%%

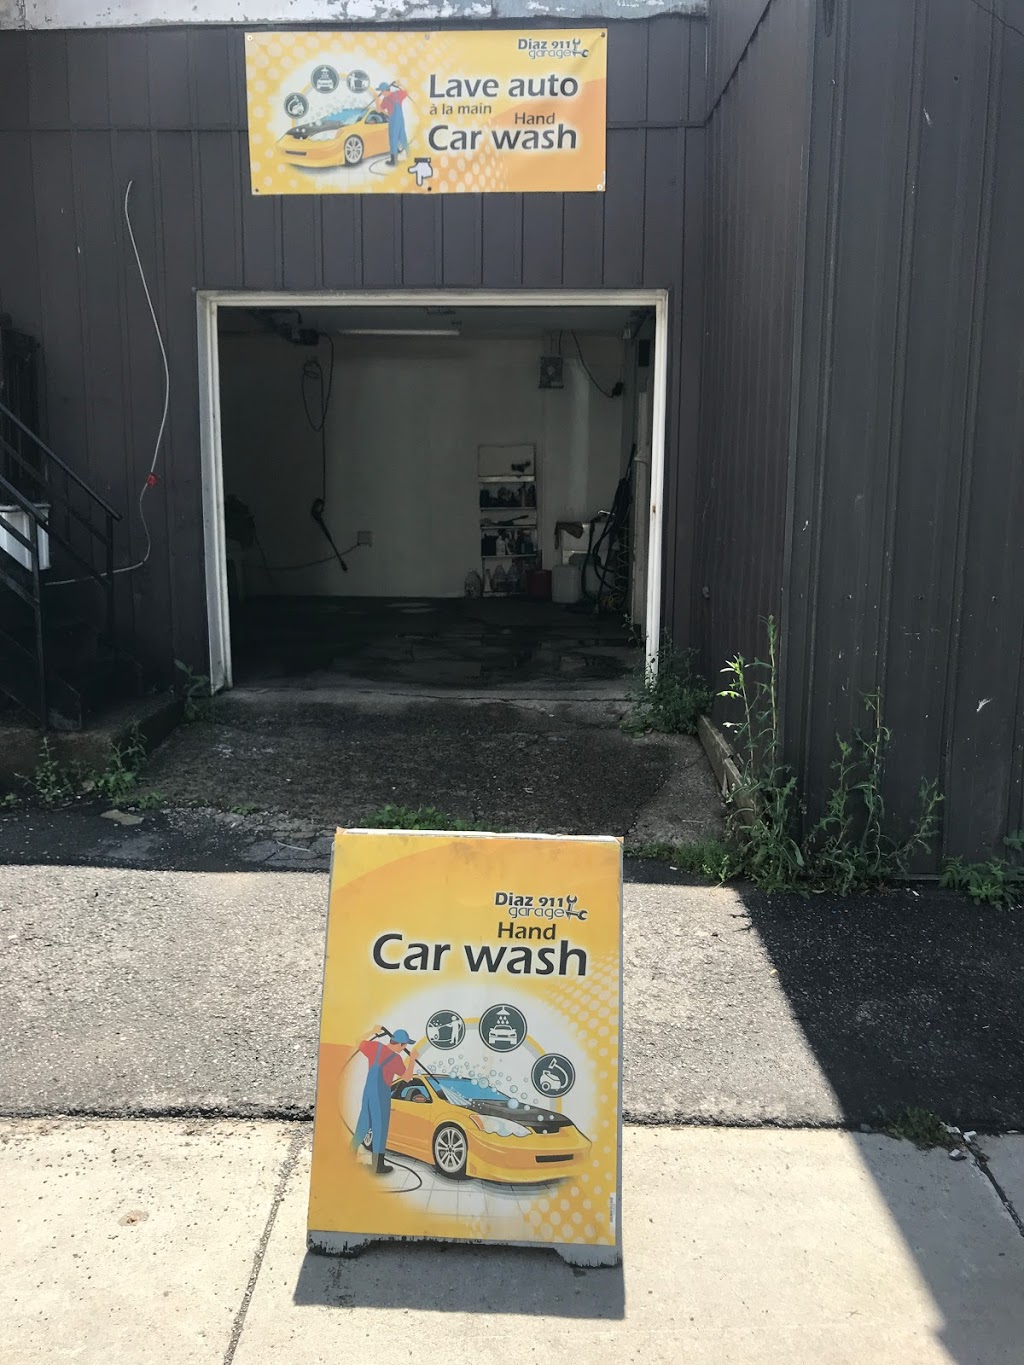 Auto-Lavage /Car wash Diaz 911 | 611 Rue Caisse, Verdun, QC H4G 2E2, Canada | Phone: (514) 476-9397
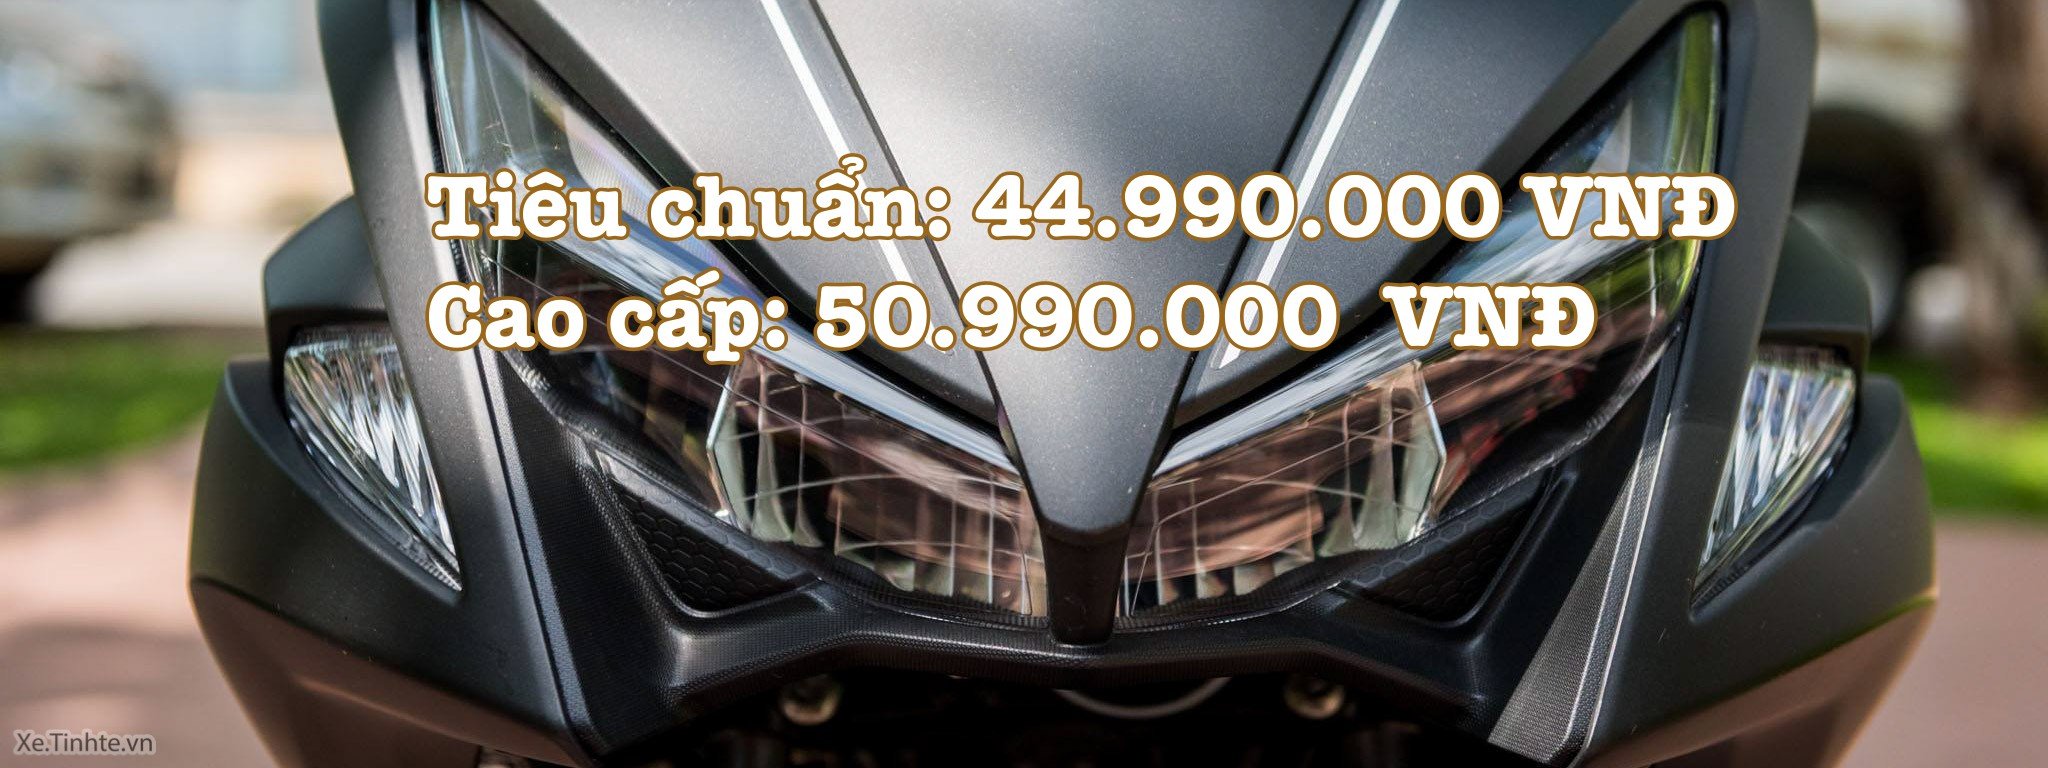 Rò rỉ giá bán Yamaha NVX - Bản tiêu chuẩn: 44,990 triệu; Bản cao cấp: 50,990 triệu
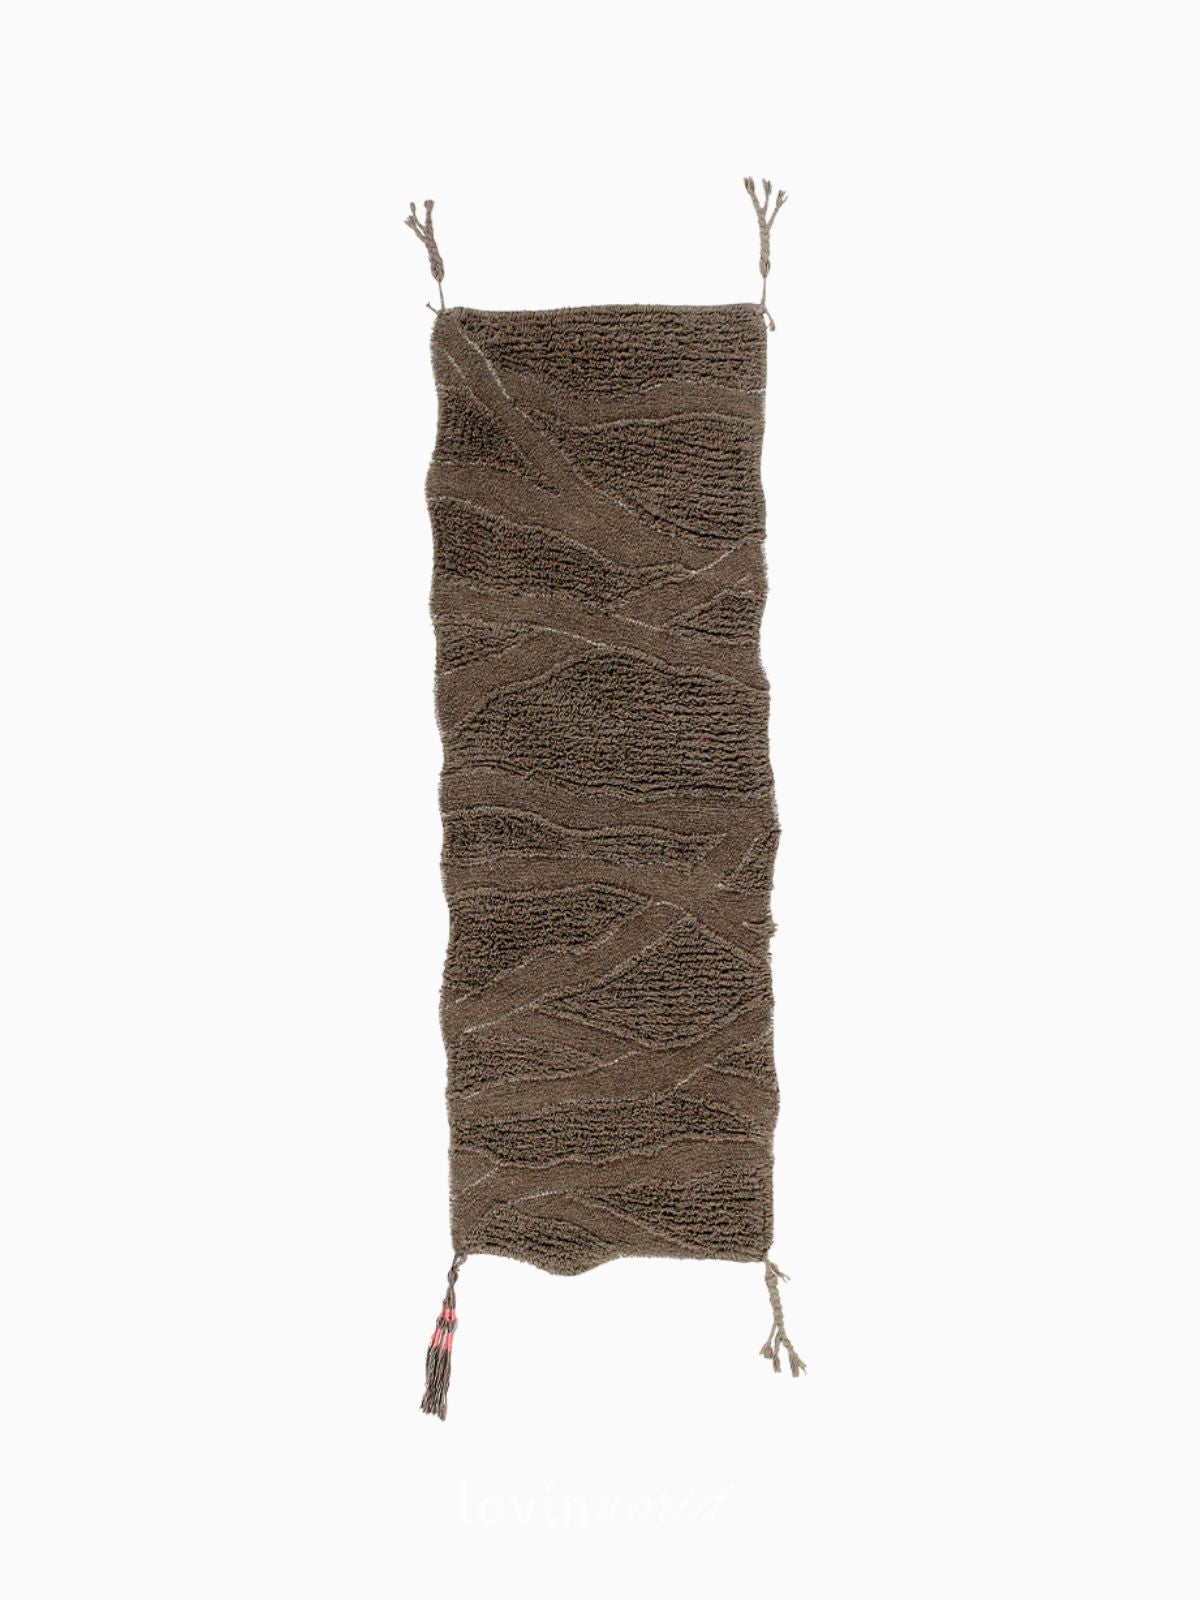 Runner in lana lavabile Enkang in colore marrone 70x200 cm.-1
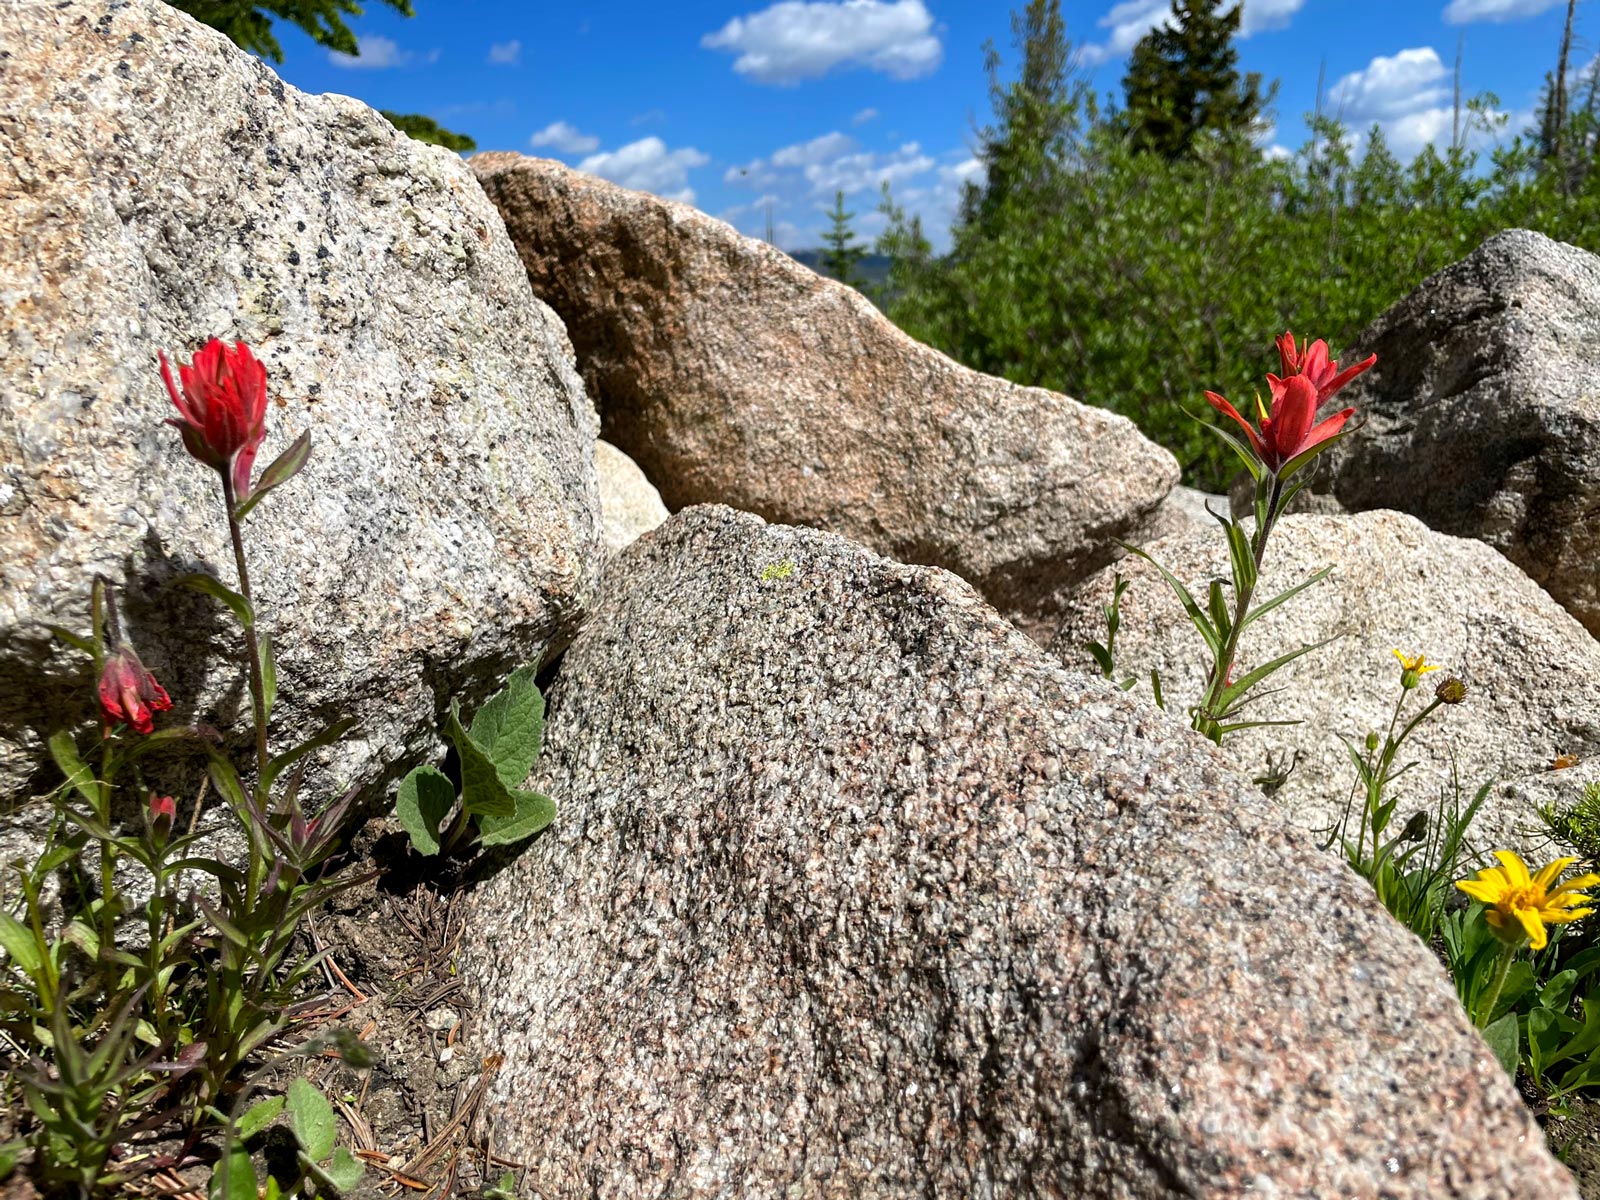 Red flowers, Indian Paintbrush, grow between granite rocks

%%

- TRY IT: Reproduce the data above word for word and omit the images.

- RESULT OF THE EXERCISE:
 Auto-Lavage /Car wash Diaz 911 | 611 Rue Caisse, Verdun, QC H4G 2E2, Canada | Phone: (514) 476-9397
 Rò rỉ giá bán Yamaha NVX - Bản tiêu chuẩn: 44,990 triệu; Bản cao cấp: 50,990 triệu
 Runner in lana lavabile Enkang in colore marrone 70x200 cm.-1
 Red flowers, Indian Paintbrush, grow between granite rocks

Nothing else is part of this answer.